Sukanya Samriddhi Yojana: The Central Government’s Sukanya Samriddhi Yojana (SSY) is seen as one of the most trustworthy government initiatives aimed at securing the future of daughters. The interest and maturity amount on investments made under this scheme are completely guaranteed. This scheme allows parents to create a solid financial plan for their daughter’s education, career, and marriage.
What makes this scheme special is that it not only offers great returns but also provides tax exemption benefits and tax-free maturity. Let’s take a look at how much money you can expect to receive upon maturity if you deposit Rs 2,000 every month into your Sukanya Samriddhi Account.
How to invest in Sukanya Samriddhi Yojana?

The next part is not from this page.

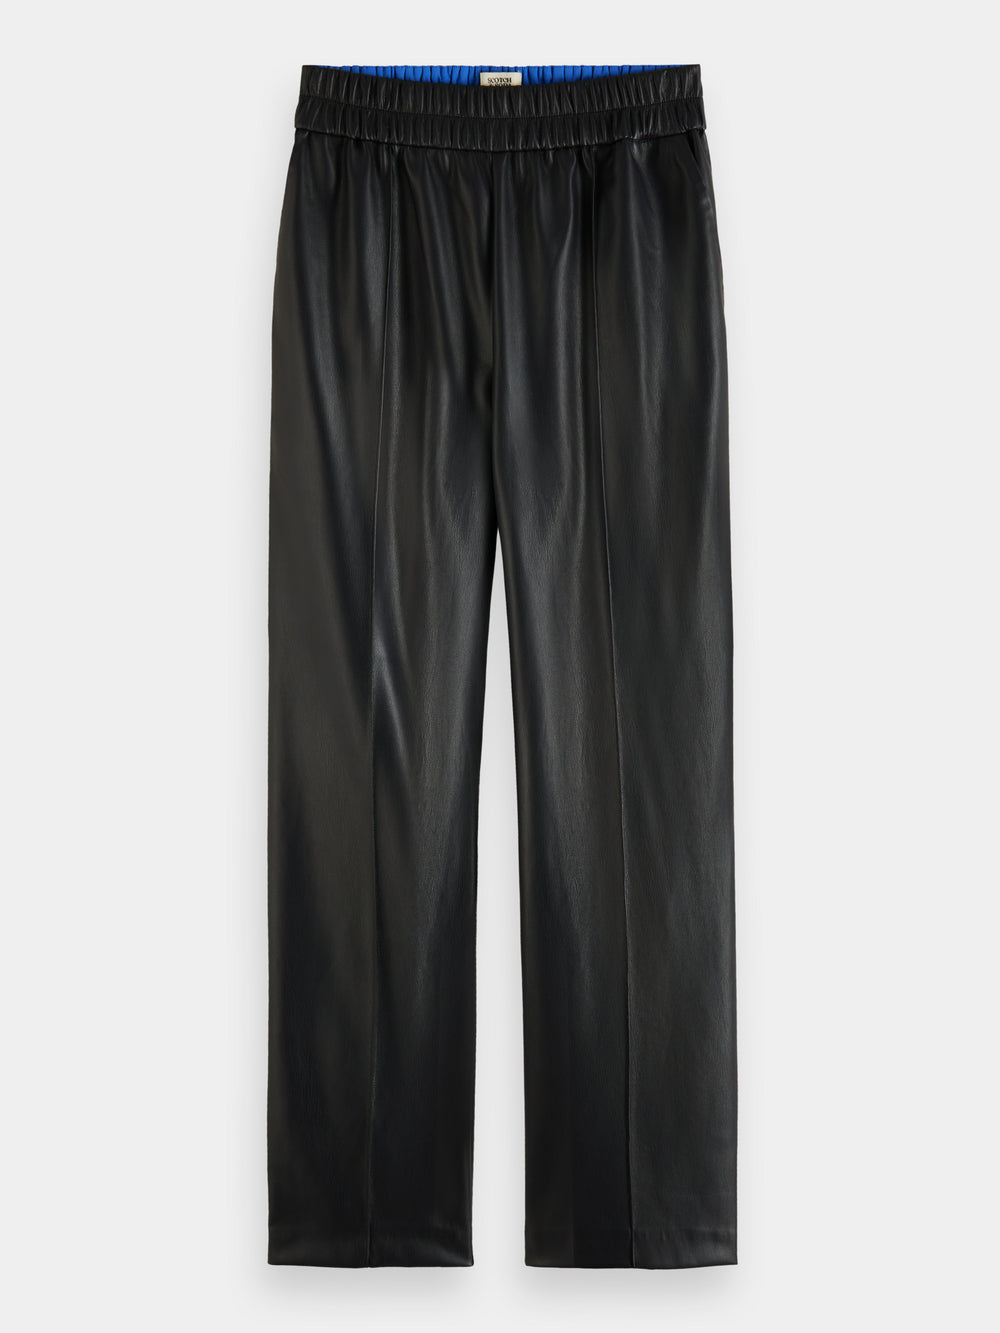 Estelle faux leather jogger pants - Scotch & Soda NZ

You can only open a Sukanya Samriddhi Yojana account in the name of a daughter who is under 10 years old. The minimum deposit is Rs 250, while the maximum is Rs 1.5 lakh annually. You need to invest for just 15 years, but the account remains valid for 21 years. This means you won’t have to make any contributions in the last six years, and interest will keep accumulating.
Right now, this scheme offers an interest rate of 8.2% per annum, which is set quarterly by the central government. Contributions to this scheme are tax-deductible, and the entire maturity amount is tax-free.
How much will you earn if you invest Rs 5000 monthly?
If a parent puts in Rs 2,000 each month into the Sukanya Samriddhi Yojana, the total annual investment will be Rs 24,000. This investment is needed for 15 years, leading to a total deposit of Rs 3.6 lakh over that period. Assuming an average interest rate of 8.2% per annum and compounding according to government rules, the maturity amount after a 15-year investment period, which totals 21 years, would be around Rs 9.6 lakh to Rs 10 lakh. It’s worth noting that no new deposits are required from the 16th year to the 21st year, but interest continues to accrue on the amount already deposited. This results in a total investment of Rs 3.6 lakh, resulting in a nearly three-fold increase in the maturity amount.
How much money can you make with different investment amounts?
The maturity amount for the Sukanya Samriddhi Yojana changes based on how much you invest. If a parent puts in Rs 1,000 each month, they could get around Rs 4.8 to Rs 5 lakh when the account matures after 21 years. Investing Rs 3,000 monthly could bring in about Rs 14.5 to Rs 15 lakh, while Rs 4,000 a month might yield around Rs 19 to Rs 20 lakh. If you go for Rs 5,000 a month, you could see about Rs 24 to Rs 25 lakh after 21 years.
How does the balance grow over time?
If you put in Rs 60,000 a year into the Sukanya Samriddhi Yojana, or Rs 5,000 each month, the balance after interest at the end of the first year is roughly Rs 64,800. Keep investing, and this could grow to about Rs 3.6 lakh in five years. After 10 years, you might have around Rs 8.75 lakh, and after 15 years, it could reach about Rs 19.8 lakh. Even if you stop investing after that, interest keeps piling up, and by the end of 21 years, the maturity amount could be around Rs 24.5 lakh.
When can you take the money out?
You can withdraw the full amount from the Sukanya Samriddhi Yojana 21 years after opening the account. But if your daughter turns 18 and needs funds for her education, you can take out 50% of the deposit early. The rest will be available when the account matures.